Waverider: Scanning Spectra One Pixel At A Time

waverider

Hyperspectral cameras aren’t commonplace items; they capture spectral data for each of their pixels. While commercial hyperspectral cameras often start in the tens of thousands of dollars, [anfractuosity] decided to make his own with the Waverider.

To capture spectral data from every pixel location in the camera, [anfractuosity] first needed a way to collect that data — for that, he used an AFBR-S20M2WV, a miniature USB spectrometer he picked up second-hand. This sensor allows for the collection of data from 225 nm all the way up to 1000 nm. Of course, the sensor can only do that for one single input, so to turn it into a camera, [anfractuosity] added a stepper-driven x-y stage controlled by a Raspberry Pi Pico and some TMC2130 stepper drivers.

With some 3D-printed parts to hold things together and a fiber-optic cable, [anfractuosity] now had a way to move the one-pixel camera through a wide range of locations, turning that one pixel into a much larger pixel array needed to get a recognizable image out. It’s not the fastest camera we’ve seen — with one 400 × 400 array of images taking almost 19 hours to capture — but it does produce an image that has far more than one RGB value per pixel.

Head over to [anfractuosity]’s site to check out all the images created and to find out more about this project, and check out some of our other single-pixel camera projects we’ve featured in the past. Or, maybe you can use your phone.

10 thoughts on “Waverider: Scanning Spectra One Pixel At A Time

    1. You make this faster by using a normal 2-D detector with a grating and the usual slit: Scan that slit across the focal plane and get a whole line of data at a time. Though often simpler to just rotate the camera body. Easily a thousand times faster than this method.

      1. The problem is you’d need a 4×5 sensor to do this with the same type of lens. And 4×5 lenses are by far the easiest to hack like this. That’s not even close to cheap. If you use a linear sensor you still need to step it across the slit at each step so it’s pretty much the same thing.

        1. Nobody says you need to use such a ridiculously huge lens.

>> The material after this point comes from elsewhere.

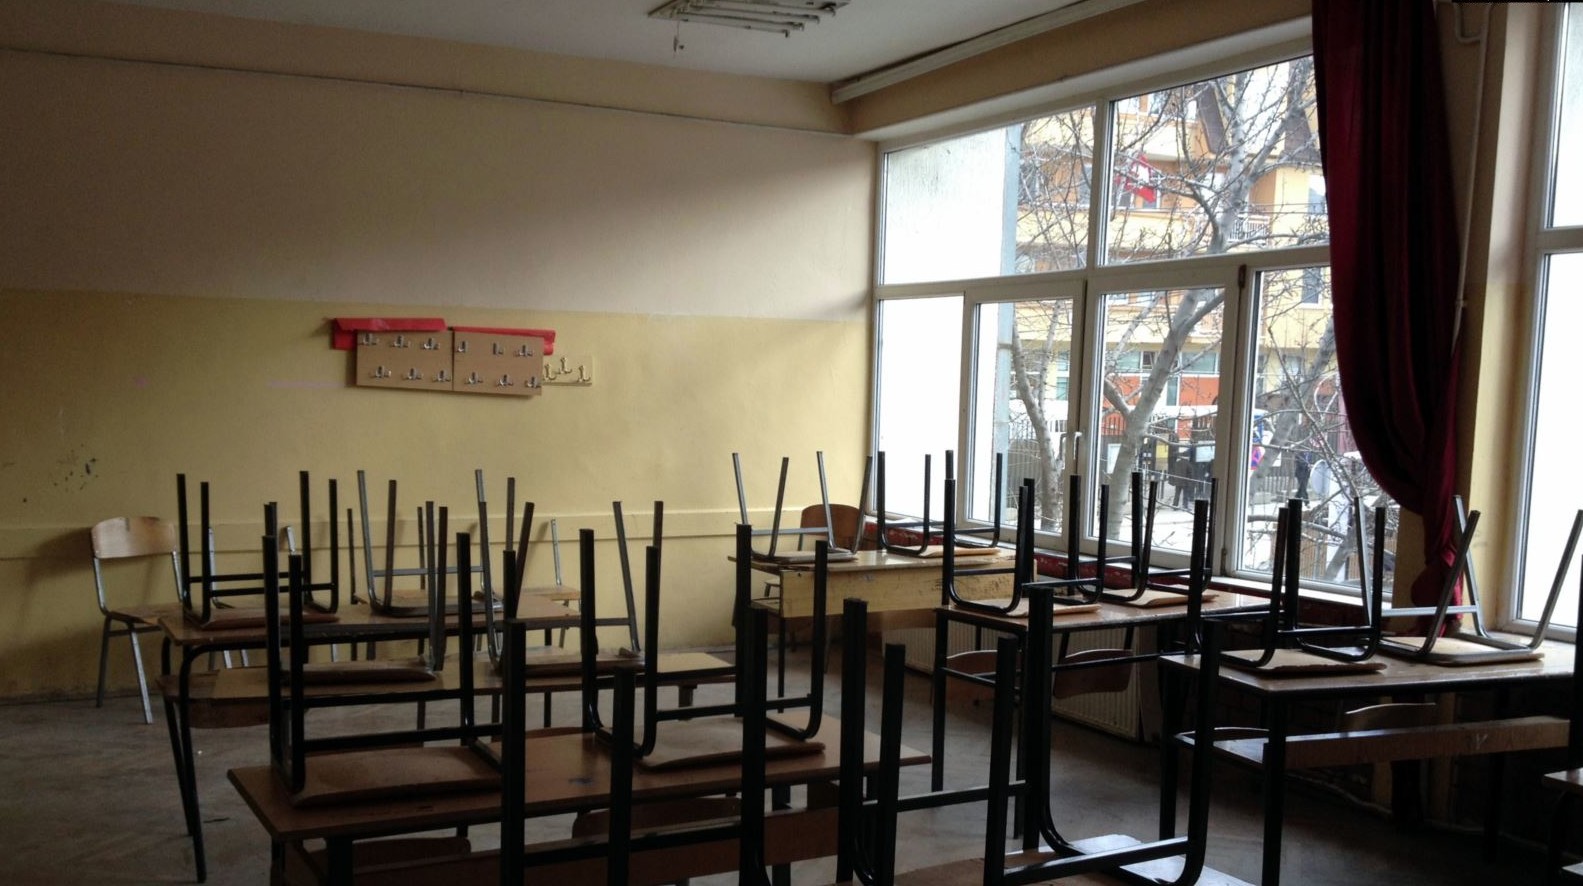 Të hënën hapen shkollat, SBASHK-u sërish kërcënon me grevë

It works as well or better with normal DSLR lenses: Faster glass, better aberration control in inexpensive lenses.

          Agreed, though, when you get down to C-mount or M12 lenses, you start to compromise on resolution due to slit width.

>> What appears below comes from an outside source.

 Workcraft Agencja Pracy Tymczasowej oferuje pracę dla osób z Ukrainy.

          The single-pixel spectrometer featured above already uses a linear detector. That’s why it’s so slow. Adding the second dimension by using a normal 2-D camera sensor removes one required degree of freedom in the motion, multiplies the collection area by a factor of a thousand or more, and speeds up the acquisition accordingly.

          You don’t even have to scan the focal plane of the lens with the sensor: It’s easier to keep the lens/sensor/spectrometer all fixed, and rotate the whole camera.

          1. So maybe an m42 mount for access to lenses with bad coatings and manual diaphragms with a full frame mirrorless behind it and some sort of scanning diffraction slit between them?

        2. Toshiba TCD1702C 7500 elements, TCD1705D 7450 elements. NEC μPD3768 is color but you might strip the filters. Maybe there is a monochrome equivalent. 7500 pixels and 69mm long.

          1. Man, I think I still have some of those. Used them on medium format bodies sometime in the late 90s. Predecessors to me used lower resolution ones in the mid 80s. The clock generator boards alone were full of discrete logic and were 4″x8″. Now you would just bitbang them with a FPGA. Or a Teensy, for the trogolodytes.

    2. you can it was done by Ting Sun and Kevin Kelly in 2009
      Sun, T., & Kelly, K. (2009, October). Compressive sensing hyperspectral imager. In Computational Optical Sensing and Imaging (p. CTuA5). Optica Publishing Group.
      the Kelly group has since made a single pixel hyperspectral video camera
      Xu, Y., Lu, L., Saragadam, V., & Kelly, K. F. (2024). A compressive hyperspectral video imaging system using a single-pixel detector. Nature Communications, 15(1), 1456.

  1. Cool idea, if slow. Another thing to keep in mind is that the lens wasn’t designed for the full bandwidth of the spectrometer. It has coatings on it that won’t transmit some wavelengths as well (can be calibrated out), and also likely has chromatic aberrations beyond the visible spectrum (and probably some within). Not a deal-breaker, just something to be mindful of with this kind of hacked together rig. Well done!